Ultimately, Aji Bio-Pharma was able to demonstrate that its transition to continuous flow processing afforded it a far more selective reaction. This gave the team the latitude to push reaction conditions in order to achieve optimal results for its customer, reducing its diazomethane precursor consumption by 20 percent, its catalyst usage by 25 percent, and its base and solvent amounts by 50 percent. Based on the latest results from its commercial plant, Aji was able to drastically improve the cost of goods, reducing costs by between 10 and 25 percent and cutting the cost of waste treatment by as much as 46 percent. The project and commercial scale plant design are ongoing and represent Aji Bio-Pharma’s approach to collaborative process design to meet its clients’ needs.
About Aji Bio-Pharma’s Continuous Flow Expertise
Ajinomoto Group is a global manufacturing company that specializes in a cross-section of fields related to health and well-being, including pharmaceuticals, nutraceuticals, foods, specialty chemicals, and beauty. Ajinomoto Bio-Pharma Services, its contract development and manufacturing organization (CDMO), specializes in a range of manufacturing, analytical, and development services related to small molecules, biologics, and cell and gene therapies. With roughly 1,500 employees across four countries, Aji Bio-Pharma produces more than 2 billion doses distributed across more than 150 countries each year.
Aji Bio-Pharma’s Center of Excellence in continuous flow processes, located in Belgium, serves a global customer base. Its center boasts a wealth of expertise in highly potent APIs and complex chemistries. Its small molecule manufacturing capabilities are the result of decades of experience, from hydrides reduction to enzymatic conversion to a host of other chemistries. Other key expertise housed at Aji’s Center of Excellence include capabilities in organometallic, cryogenic, and oxidation chemistries; and energetic reactions, catalytic hydrogenation, and various other complex, toxic, and potent chemistries. Until a few years ago, these applications were performed in batch. Aji’s transition to continuous flow was spurred by the various advantages it offers when compared to batch processing including enabling a much wider range of operating conditions, greater temperature control, and more optimal mass and heat transfer.

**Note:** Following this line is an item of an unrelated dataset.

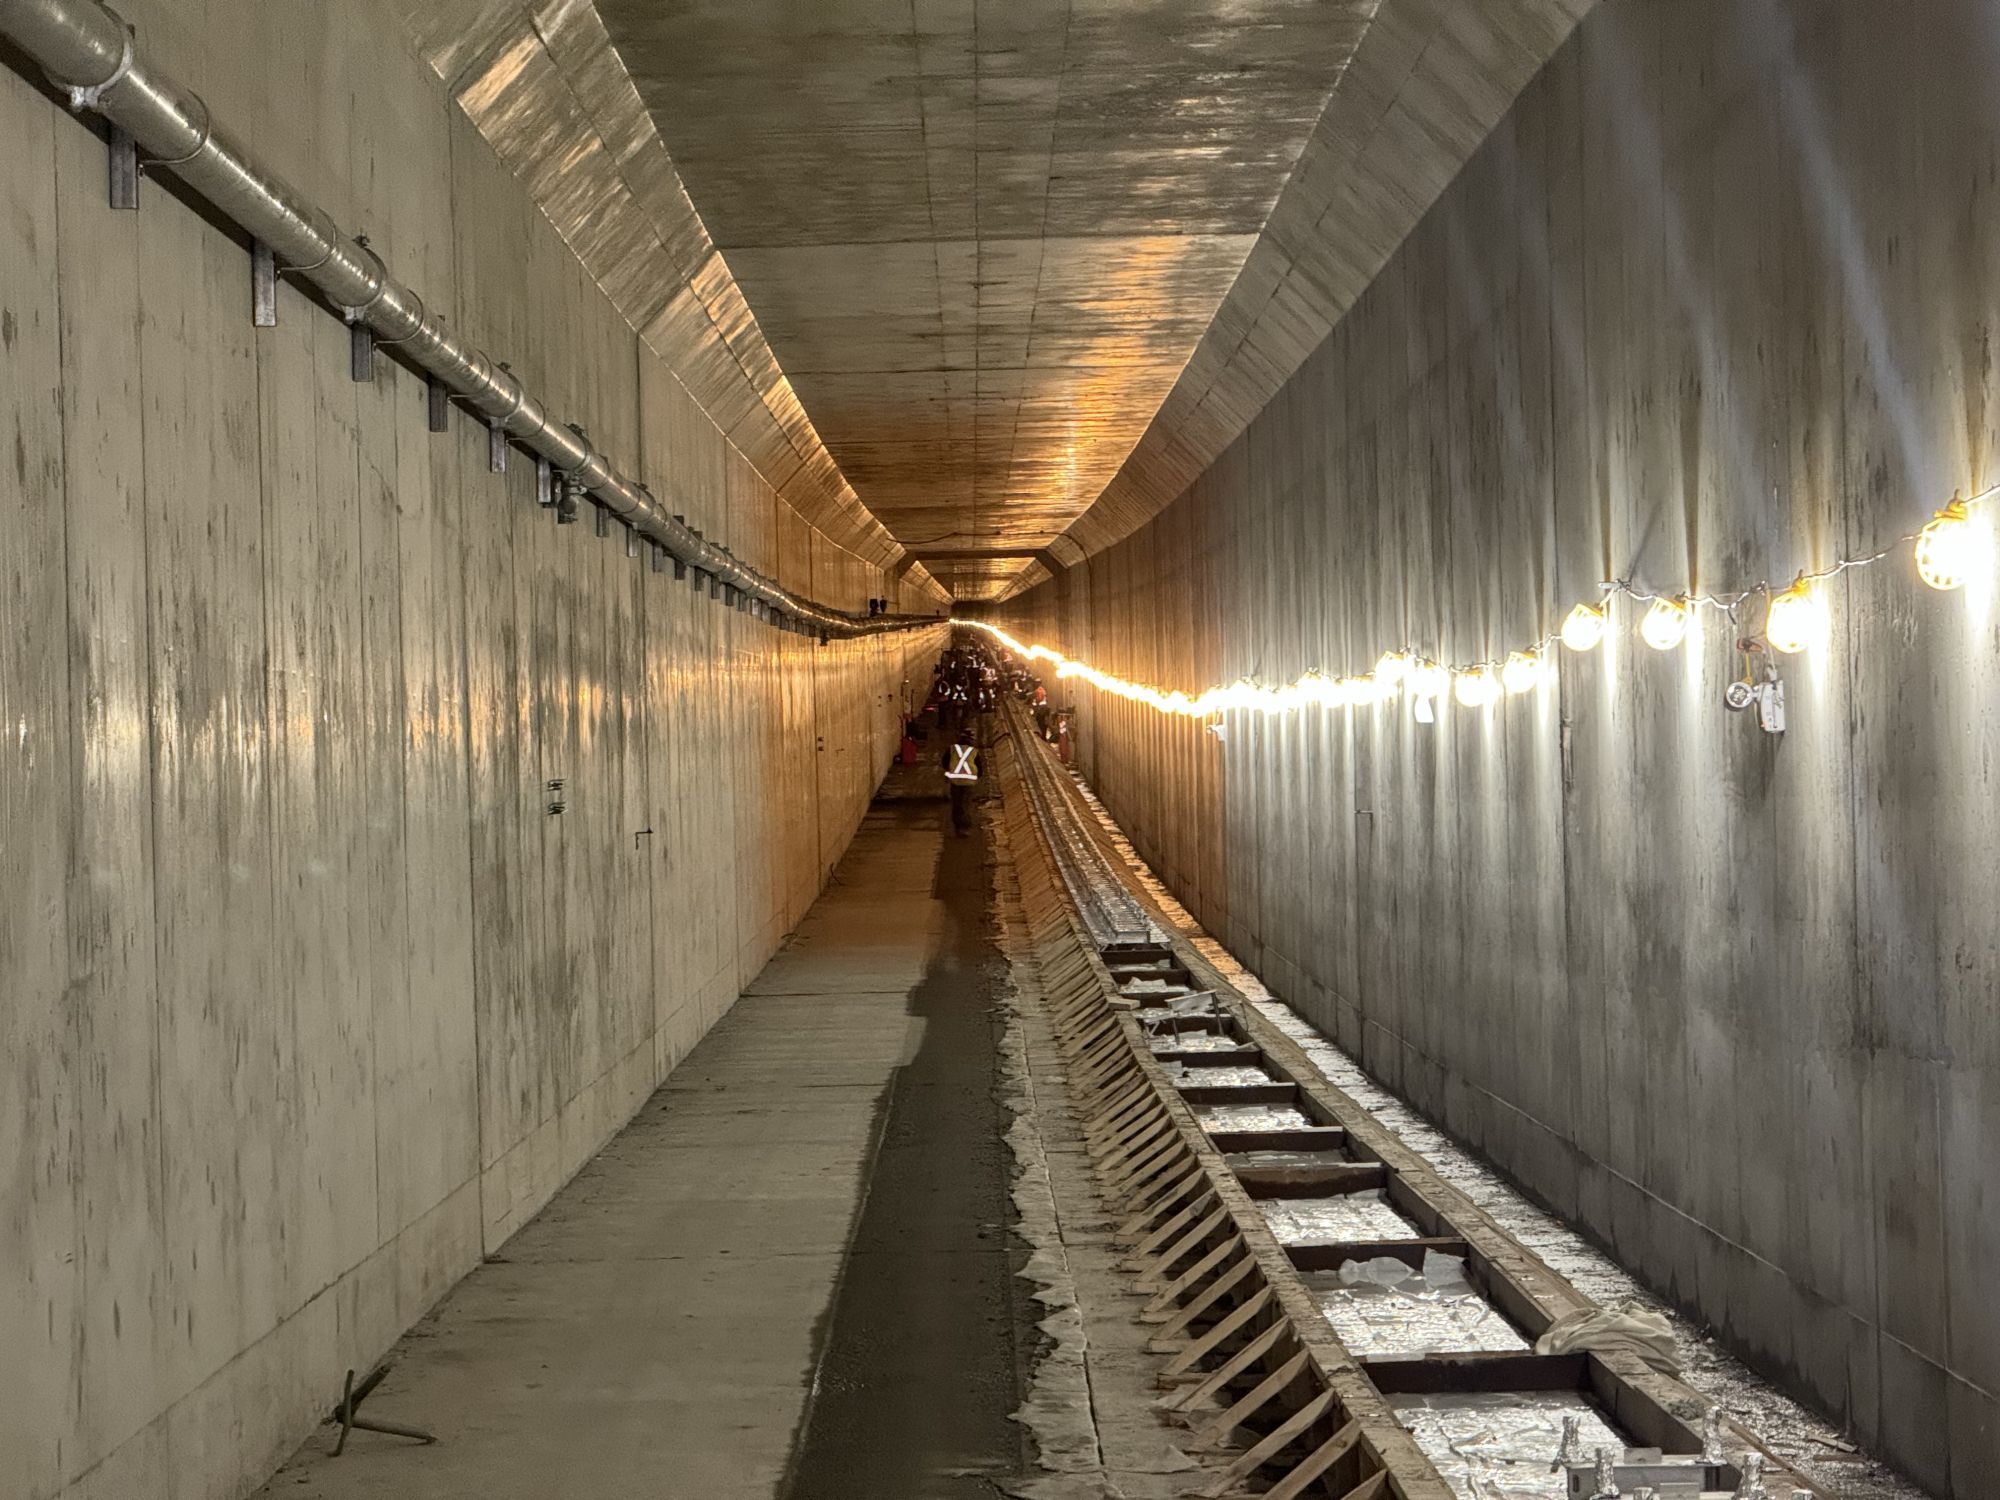 Behind the Scenes: Visiting the Kichi Zìbì Mìkan Tunnel and Sherbourne Station

In order to maximize the advantages achieved by continuous flow processing, Aji Bio-Pharma has invested heavily in its laboratory capabilities with new modular setups, including reactors, automated pumps, and other novel equipment like its photoflow reactor. Commensurately, Aji Bio-Pharma has invested in the process analytical technologies (PAT), such as Raman spectroscopy and extraction equipment, including membrane-assisted phase separators, mixers, and settlers. In transitioning processes from batch to flow, Aji Bio-Pharma conducts scale-up studies, continuous improvement projects, and feasibility testing to improve the sustainability and economics of its applications. The insights gained through this evaluation have resulted in other equipment investments, such as Chemtrix scalable flow reactors and tubular flow reactors developed in-house. Aji Bio-Pharma’s other novel equipment, including its pilot-scale HANU™ 150 Flow Reactor and its CØPE Reactor, help to round out its capabilities, particularly for high-temperature, high-pressure, slurry-compatible applications.